◆ What needs to be done
Reproduce the records below exactly, but only between the lines holding "Pvc Plans Matilda" and "ナチュラル 透明感 切りっぱなし 秋ヘアスタイルや髪型の写真・画像", inclusive.

◆ The data
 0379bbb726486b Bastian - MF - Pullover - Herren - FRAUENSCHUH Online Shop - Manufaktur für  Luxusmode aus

==

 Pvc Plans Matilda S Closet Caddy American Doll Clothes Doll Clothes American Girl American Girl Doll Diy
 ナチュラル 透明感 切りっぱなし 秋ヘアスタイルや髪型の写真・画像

---

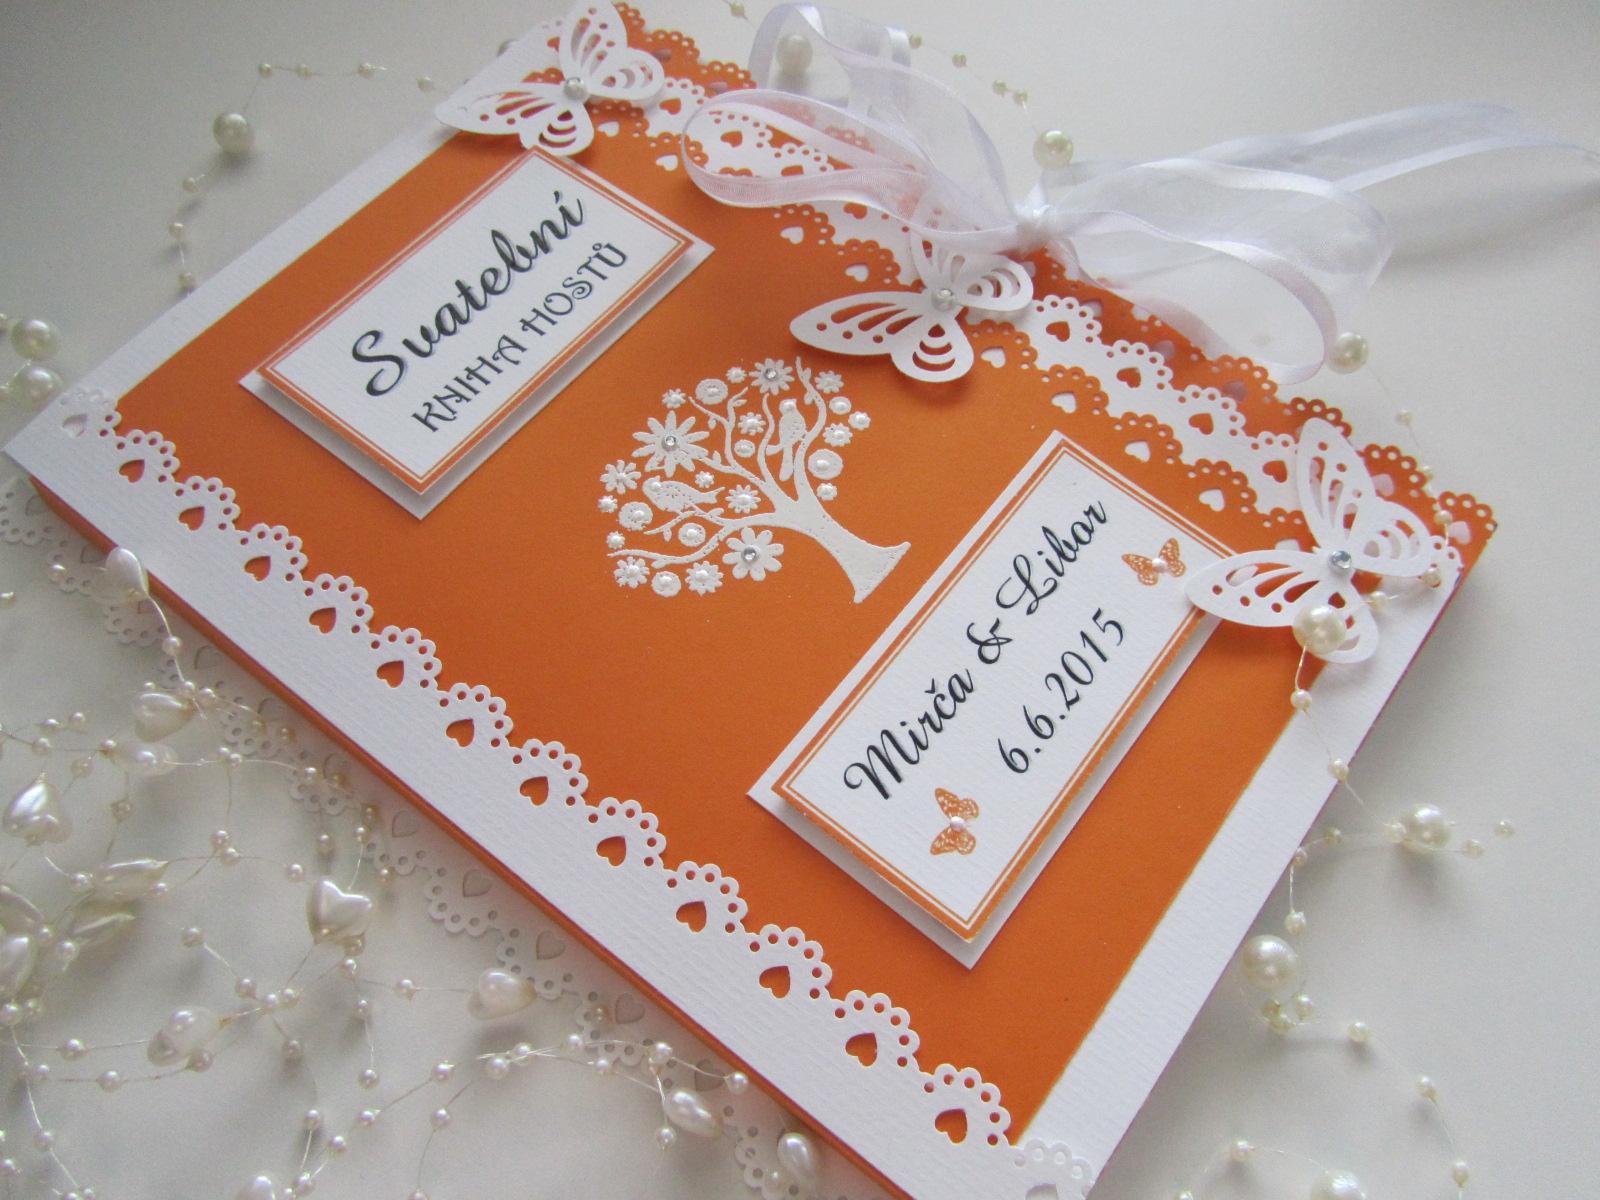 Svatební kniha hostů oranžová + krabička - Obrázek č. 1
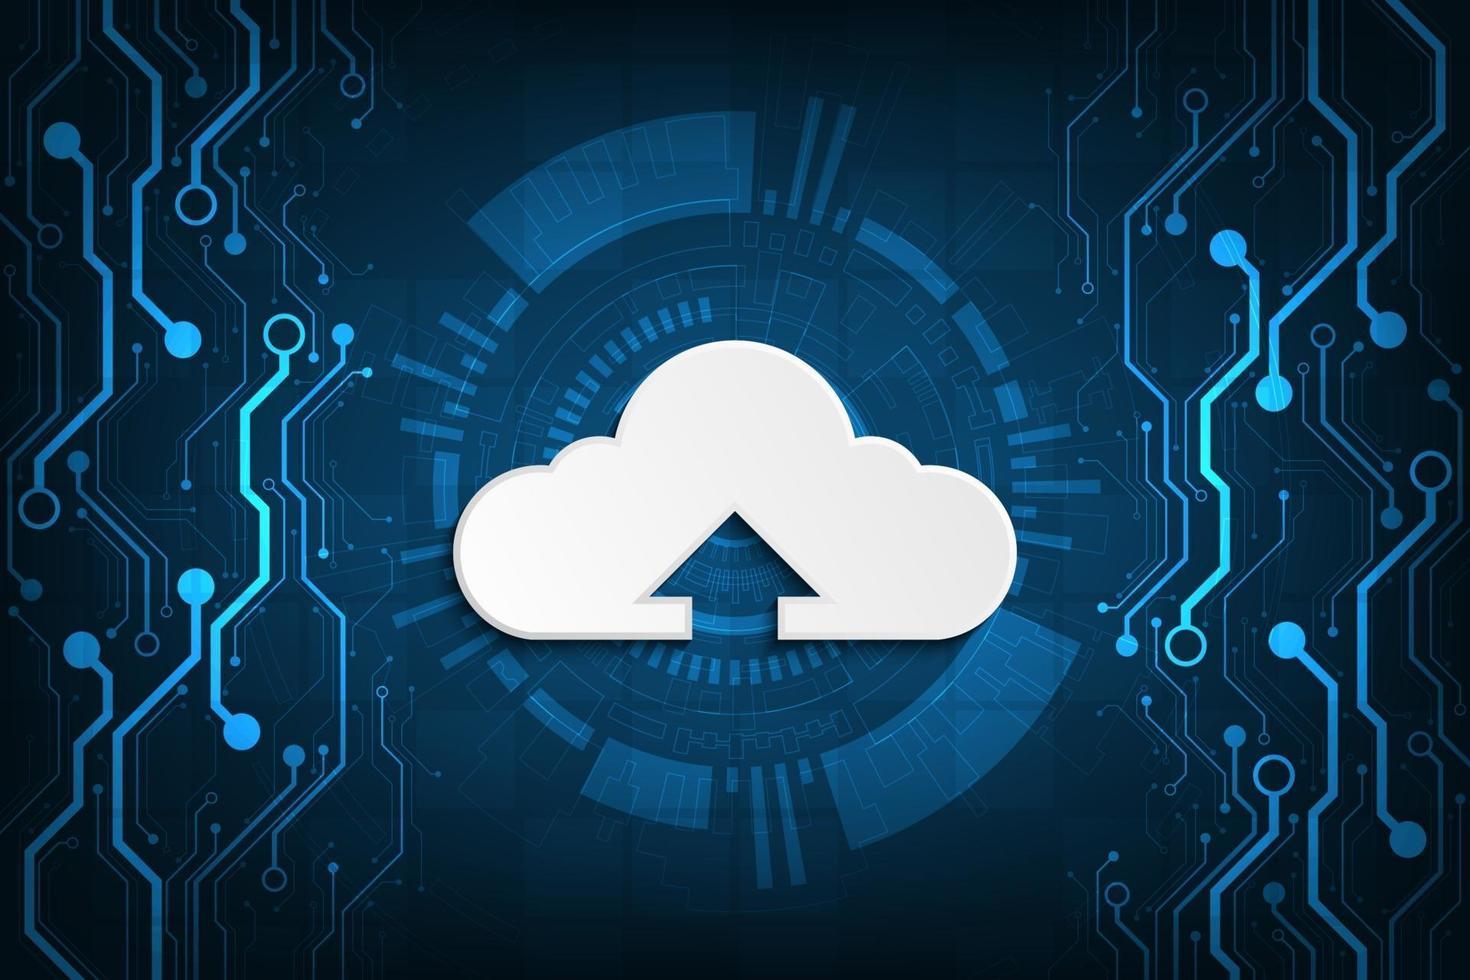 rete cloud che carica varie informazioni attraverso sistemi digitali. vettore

◆ Output of the task
 Pvc Plans Matilda S Closet Caddy American Doll Clothes Doll Clothes American Girl American Girl Doll Diy
 ナチュラル 透明感 切りっぱなし 秋ヘアスタイルや髪型の写真・画像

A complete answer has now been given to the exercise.